I think asking owners to install an exit with stairs from the third floor is not excessive given they are not requiring anything else like fire containment. No enclosed stairways, no sprinkler system, it doesn't even mention emergency lighting or smoke detectors. And we do know there are people cheap enough to skimp on batteries for smoke detectors/smoke detector installation, just look at the news any day of the week. (8 dead in a blaze in Richmond, NY Sunday...no smoke detectors in the house.).
At a minimum they should require the portable ladders or a ladder attached to the side of the house for 3rd floor guestrooms. I totally agree there should be two forms of exit from each room. We were asking for the metal portable ladders (from $40 to $100 each) in EACH ROOM and the Fire Marshal fought us tooth and nail. The only occupants of a third floor permitted without an outside staircase to ground (required) in WV are the innkeepers.
.
gillumhouse said:
At a minimum they should require the portable ladders or a ladder attached to the side of the house for 3rd floor guestrooms.
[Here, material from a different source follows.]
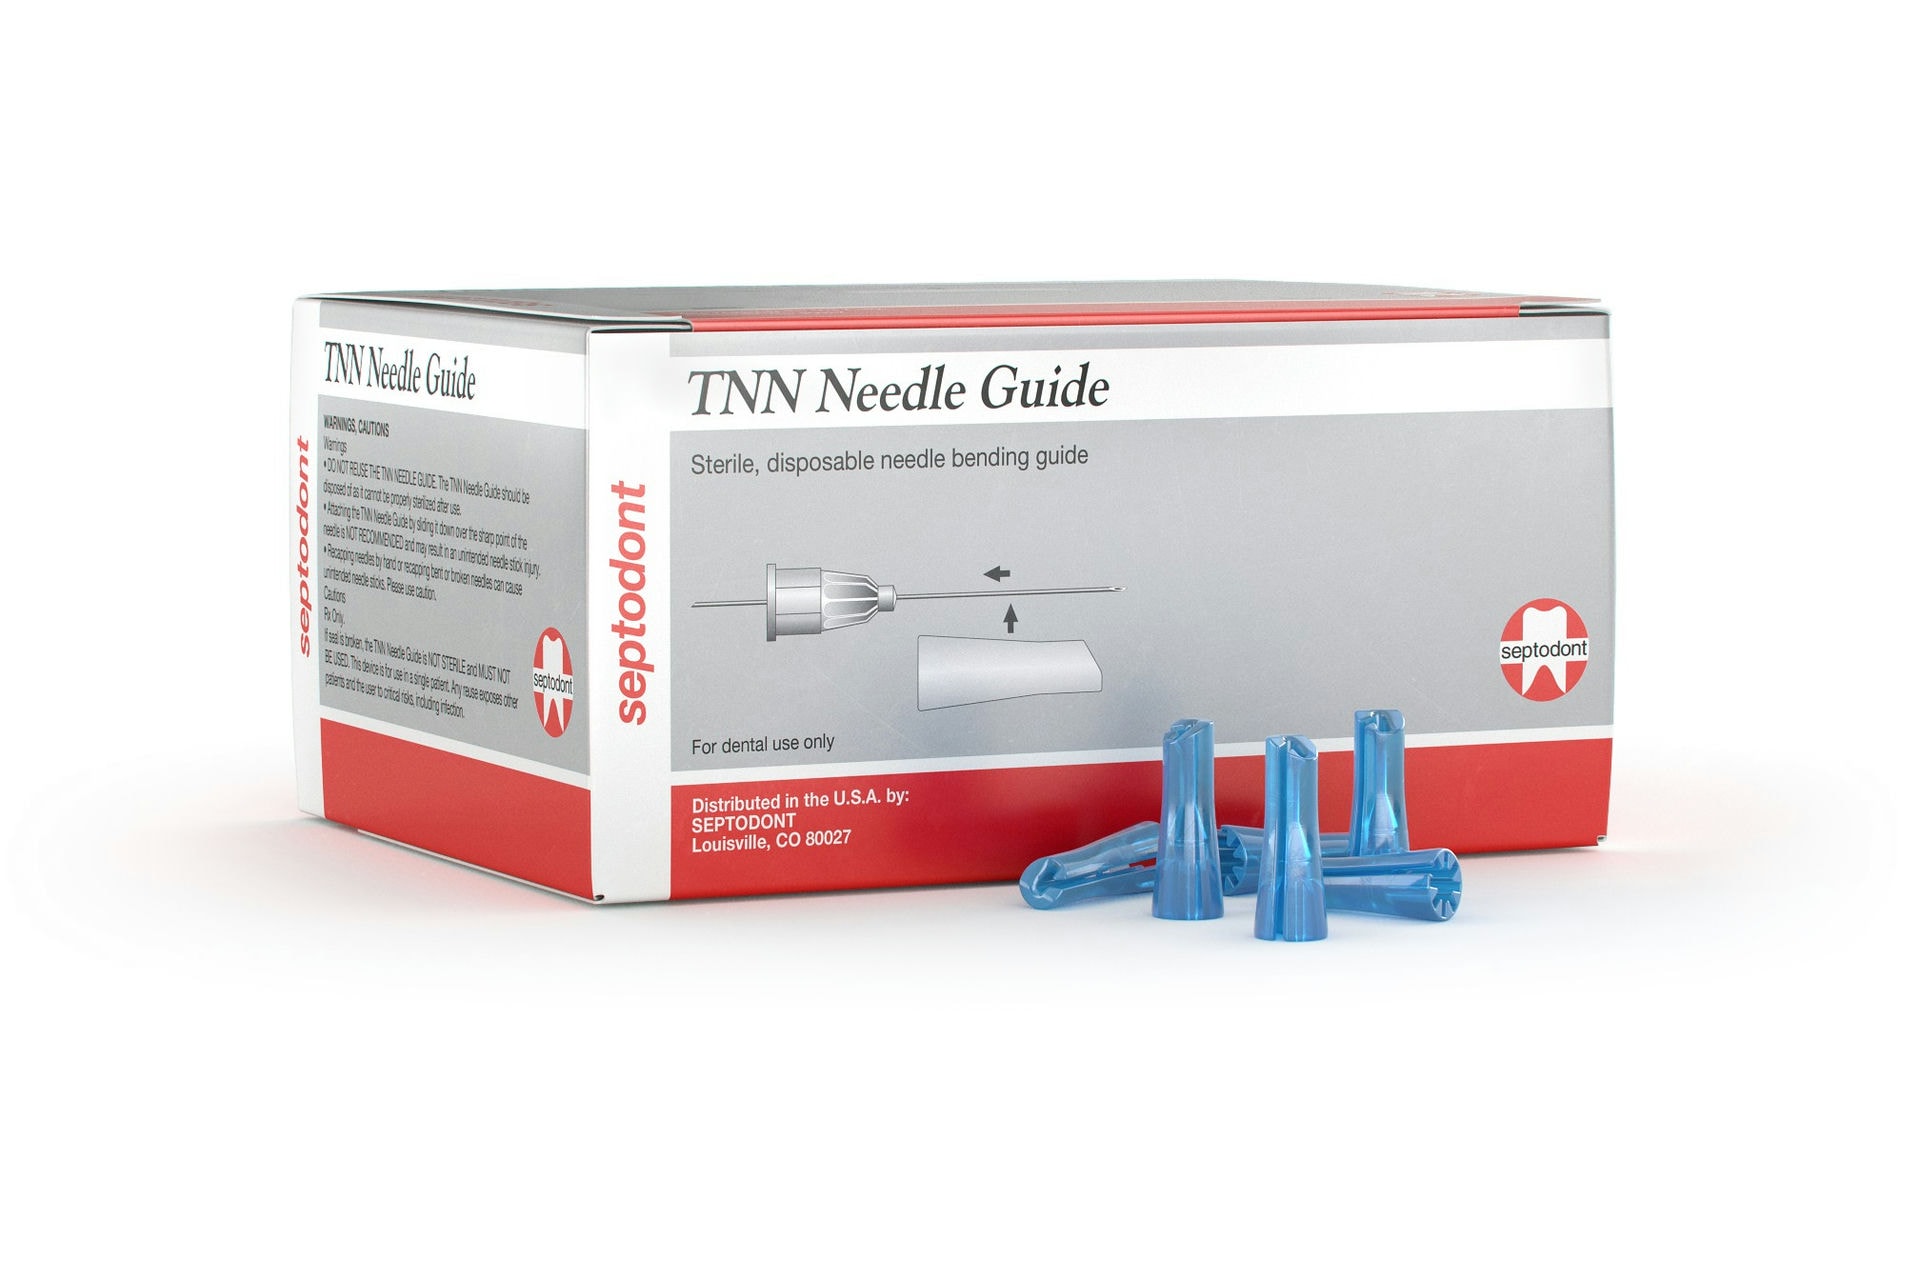 The TNN Needle Guide from Septodont
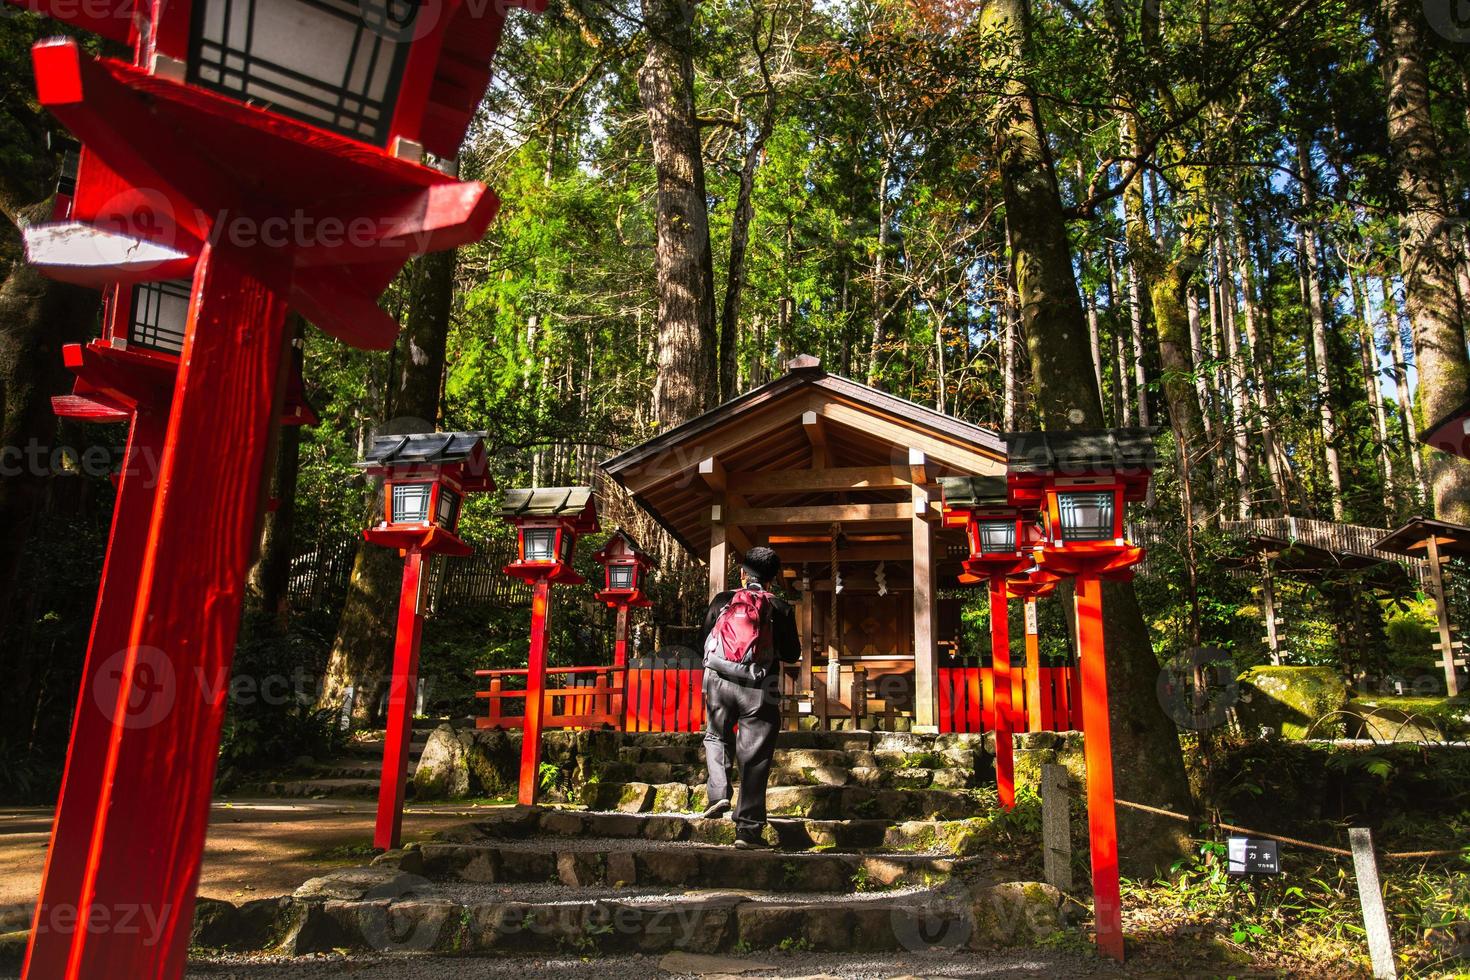 kurama, prefeitura de kyoto, kansai, japão - 21 de novembro de 2019 - turistas visitam o santuário kibune yuinoyashiro no monte kurama foto

I totally agree there should be two forms of exit from each room. We were asking for the metal portable ladders (from $40 to $100 each) in EACH ROOM and the Fire Marshal fought us tooth and nail. The only occupants of a third floor permitted without an outside staircase to ground (required) in WV are the innkeepers.
That is even worse! Innkeepers need the emergency exit more than anyone (of course we're not paying to live there like guests).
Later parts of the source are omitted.